I suspect all is fine and the bad smell will go away, whatever it is, but some reassurance / advice / explanation would be fantastic 

Thank you, 

Rowan


----------



## sour_grapes (Nov 11, 2013)

What does it smell like, i.e., what does the smell remind you of?


----------



## rowan57 (Nov 11, 2013)

sour_grapes said:


> What does it smell like, i.e., what does the smell remind you of?



I had to go and check… And I'm not sure. Almost very strongly of yeast, possibly sulphury. The fermentation looks really healthy which is why I am puzzled. 

I pitched a full pack of the Wyeast for 2 Gal if that might make any difference? 

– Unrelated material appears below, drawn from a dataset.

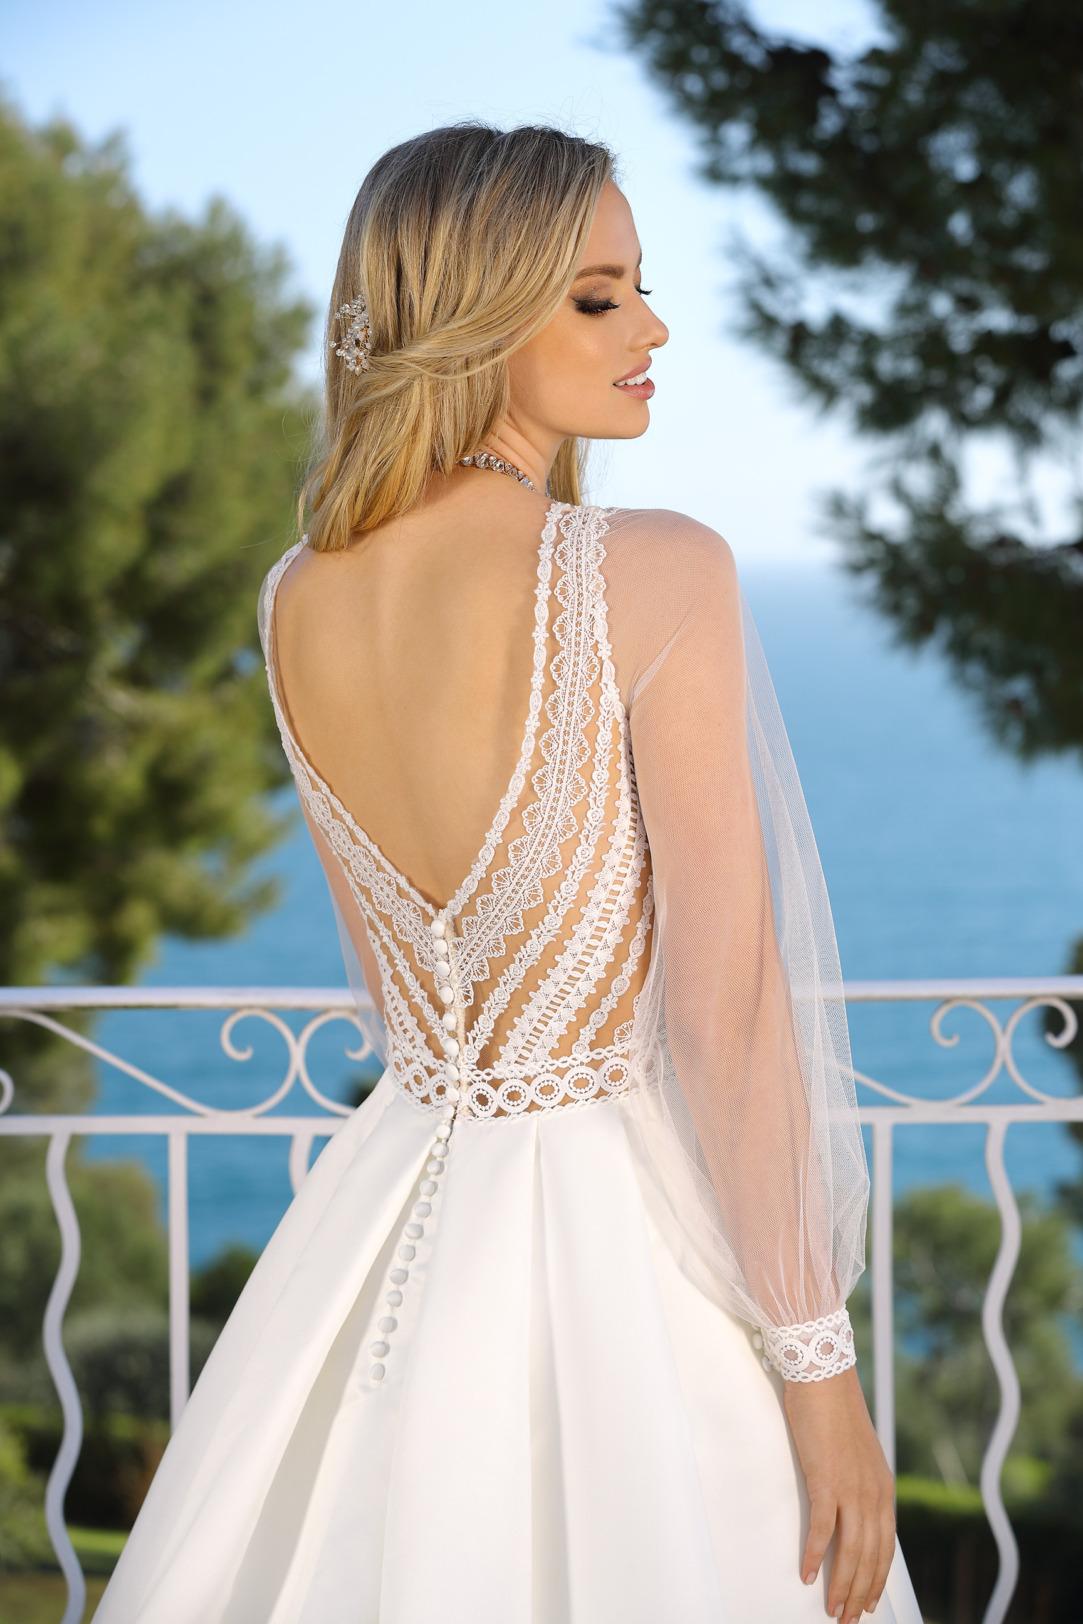 Brautkleid in A Linie mit  detailverliebtem Rückenausschnitt. Hochzeitskleid von Ladybird Modell 421043 mit langem Arm und V Ausschnitt aus feiner Spitze

I did also pitch a full pack of EC-118 for the Pumpkin with no apparent side effects.


----------



## sour_grapes (Nov 11, 2013)

What I have learned here is that many yeast can give off H2S (rotten egg smell) when they don't have proper nutrition, or some other stressor. It is advised that, if your must does not contain a lot of free nitrogen, that you add a nutrient to it. Read this thread; I think it is illuminating: 

http://www.winemakingtalk.com/forum/f86/yeast-nutrients-39655/


----------



## rowan57 (Nov 12, 2013)

sour_grapes said:


> What I have learned here is that many yeast can give off H2S (rotten egg smell) when they don't have proper nutrition, or some other stressor. It is advised that, if your must does not contain a lot of free nitrogen, that you add a nutrient to it. Read this thread; I think it is illuminating:
> 
> http://www.winemakingtalk.com/forum/f86/yeast-nutrients-39655/




Ahh thank you! That makes sense. I did add nutrient as per the recipe, but have added another dose this morning. The smell was greatly reduced this morning anyway, so hopefully this will fix it! On the plus side, theres nothing quite like a snort of CO2 in the morning before work


----------



## TandooriRelic (Jan 16, 2019)

Hi there! New to the forum so not sure where I should post this but.....

I’ve been making sloe gin for the last 10 years but this year is the first time I’ve had this happen.

I made 10 litres and the whole batch smells like marzipan!! Nothing else!! Pure marzipan!! It smells nice to me but I’ve read a lot about cyanide!! Worried that the batch might be poisonous. I know it’s in the seeds and the concentration is low but it’s still a worry. 

Any ideas what to do?

Any help would be appreciated! I don’t want to tip 10 litres of gin down the sink but I also don’t want to die!


----------